Most, but certainly not all, businesses make this mistake. If you’ve got something worthwhile to sell, leverage it by looking to sell it to as many geographies, channels, and types of customers as profitably possible.
> Yes. Go everywhere your audience is. Repetition is required for memorization.
Instead, he said simply, “I’m stubborn.” “You’re what?” I asked. “I’m stubborn. I know what I want to achieve. I see a way to get there, and I believe in that way. And nothing or no one is going to stop me from getting there, no matter what they do or say.”
> There are varying degrees of stubbornness. I think the crux to Fifer’s idea is to be stubborn in your vision, but be open to learning.

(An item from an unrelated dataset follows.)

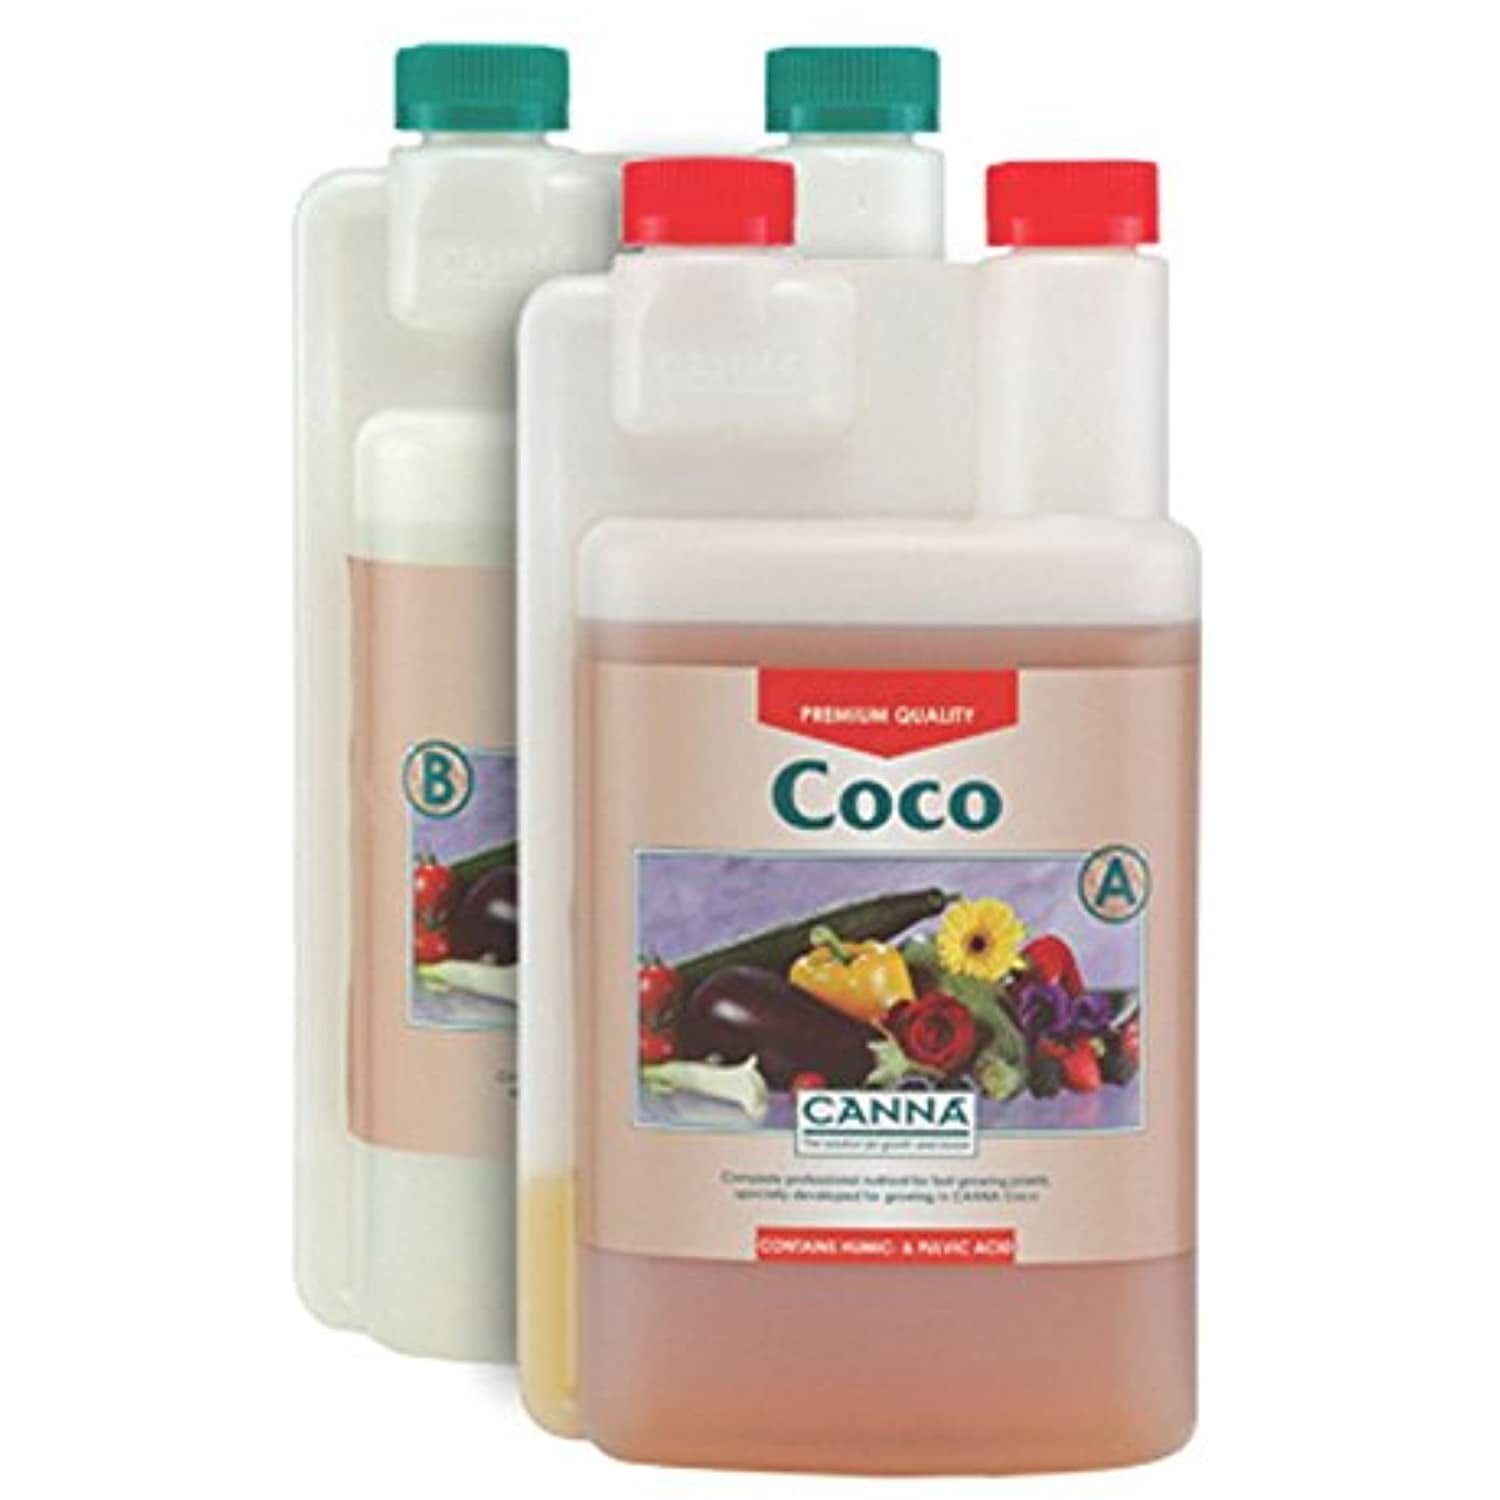 CANNA Coco Coir A+B 1, 5, 10L Veg & Flower Plant Food Base Nutrients Hydroponics (1 Litre)

The stubbornness and determination these two spoke of is characteristic of all the successful business-people I know. They don’t take no for an answer, but instead stick to it and wear their uncooperative adversaries down. They have a can-do attitude that says there’s a way around or over every barrier, no matter how daunting. They are so confident in their beliefs that they don’t even entertain the thought of letting someone else stop them from achieving their goals.
The person who lives and dies for work has trouble taking it as a game, because it’s his or her life. The balance and trading off that are required are then hard to come by. The player becomes too obvious, too one-dimensional, too crude. The sense of detachment that a more important life outside work gives you allows you the confidence, the calmness, the clarity of thought that makes you a truly winning player.
> Love the last sentence. Many sources of inspiration, and sometimes solutions, come to us outside of work.
may be the world’s greatest rationalization (and if so, more power to us!), but I’ve found that the greater priority you place on things in your life other than business, the more money you make. If you get paid by the hour, this isn’t true. If you get paid to be a profit-maximizing entrepreneur or manager, it is.
> This has been a difficult concept for me to adopt. My priorities in life are health, family, work. And sometimes work edges it way up before family. Rarely before health. It’s good advice, and I need to follow it more often.